The formation of the headfold proceeds independently of the folding which forms the foregut. When, therefore, the foregut remains widely open ventrally, the posterior part of the headfold comes in contact with the anterior part of the foregut, and the tissues may break through so that the spaces within the folds become continuous. In such cases endoderm which should be part of the roof of the foregut becomes continuous with the ectoderm of the head, and therefore forms a part of the ventral or ventro-lateral surface of the head (Text-figs. 6, 7). At the same time, the ventral surface of the headfold becomes continuous with part of the ventral, but unclosed, surface of the foregut. The endoderm retains its histological character for some time even in such close connection with the ectoderm, from which it can be distinguished by its comparative lack of intracellular vacuoles.

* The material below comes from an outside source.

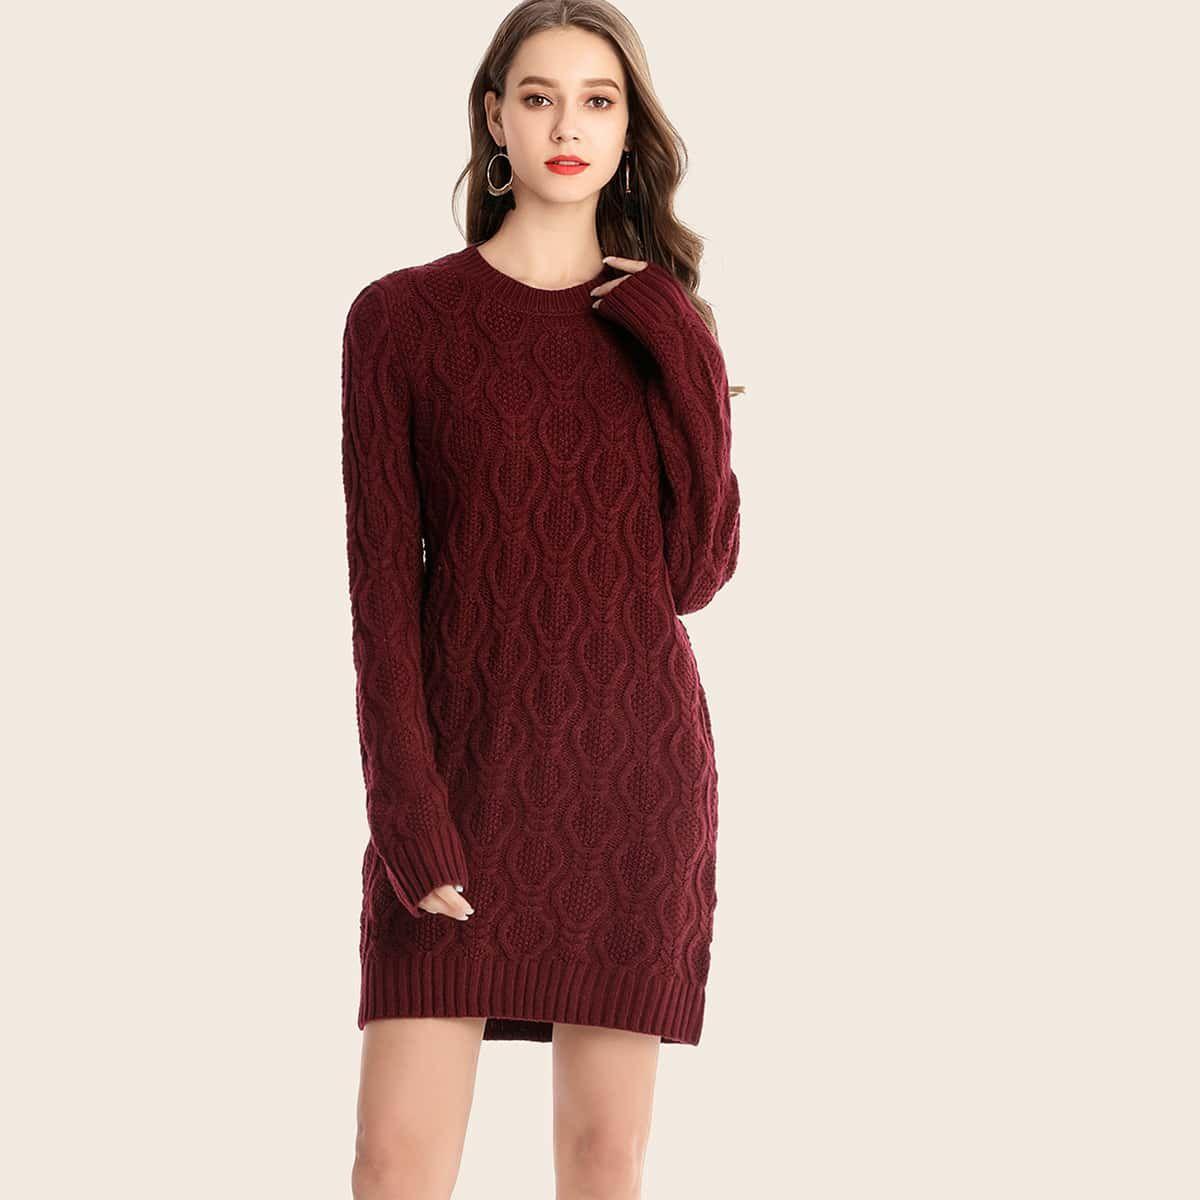 Cable Knit Fitted Sweater Dress Sweater Dress Crochet Dress Girl Summer Dress Patterns [ 1200 x 1200 Pixel ]
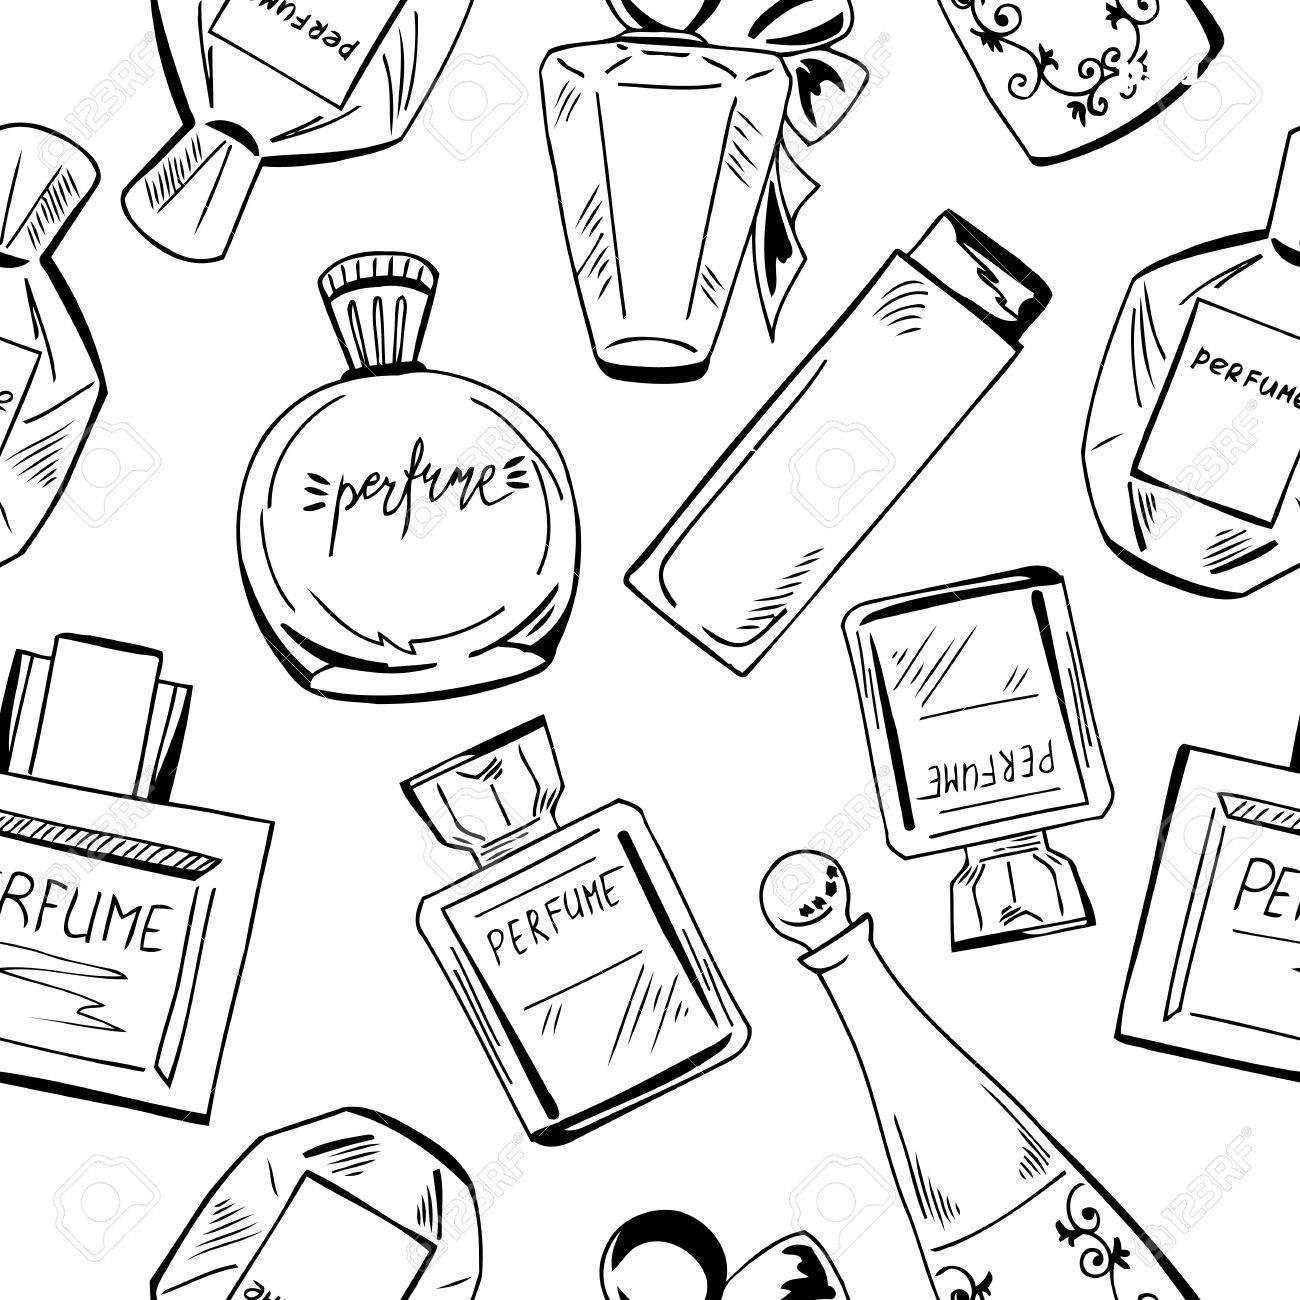 1300x1300 Perfume Bottle Background. Black And White Illustration. Graphic

Defect experiments have been made on the heads of embryos with from four to twenty-five 80mites. The main experiment on the regeneration of the brain was performed as follows : the whole head was split down the mid-line from the anterior to a point just posterior to the forebrain, and the right¹ half of the forebrain was then removed completely by a transverse cut, taking with it the overlying epidermis and mesenchyme. The regulation of the brain after this defect is nearly complete, even in the oldest stages operated (Text-figs. 13, 15, 16). In some specimens the cut edges of the brain become joined to the overlying epidermis, and the two layers grow over the wound and eventually close it completely. Text-fig. 13 shows the final healing of the wound in such a specimen. In Pl. I, fig. 2, the epidermis has covered the wound completely before the two edges of the brain have extended quite far enough to reach one another. In other specimens the epidermis may be still more in advance of the neural tissue (e.g. Text-fig. 14), and in these it seems that the cut edges of the brain and of the epidermis have never healed together but have grown separately across the wound. The mesenchyme appears to grow with the epidermis and to form a space of the appropriate shape and size, along the inside of which the neural tissue gradually extends. Pl. I, fig. 3, shows the healing together of the two edges of neural tissue in such a case. In all these types of repair, the sheet of neural tissue spreading over the wound tends to become very thin. It should be noticed that in these embryos two masses of neural tissue have no difficulty in healing together, although at an earlier stage this seems to be impossible, as we saw above.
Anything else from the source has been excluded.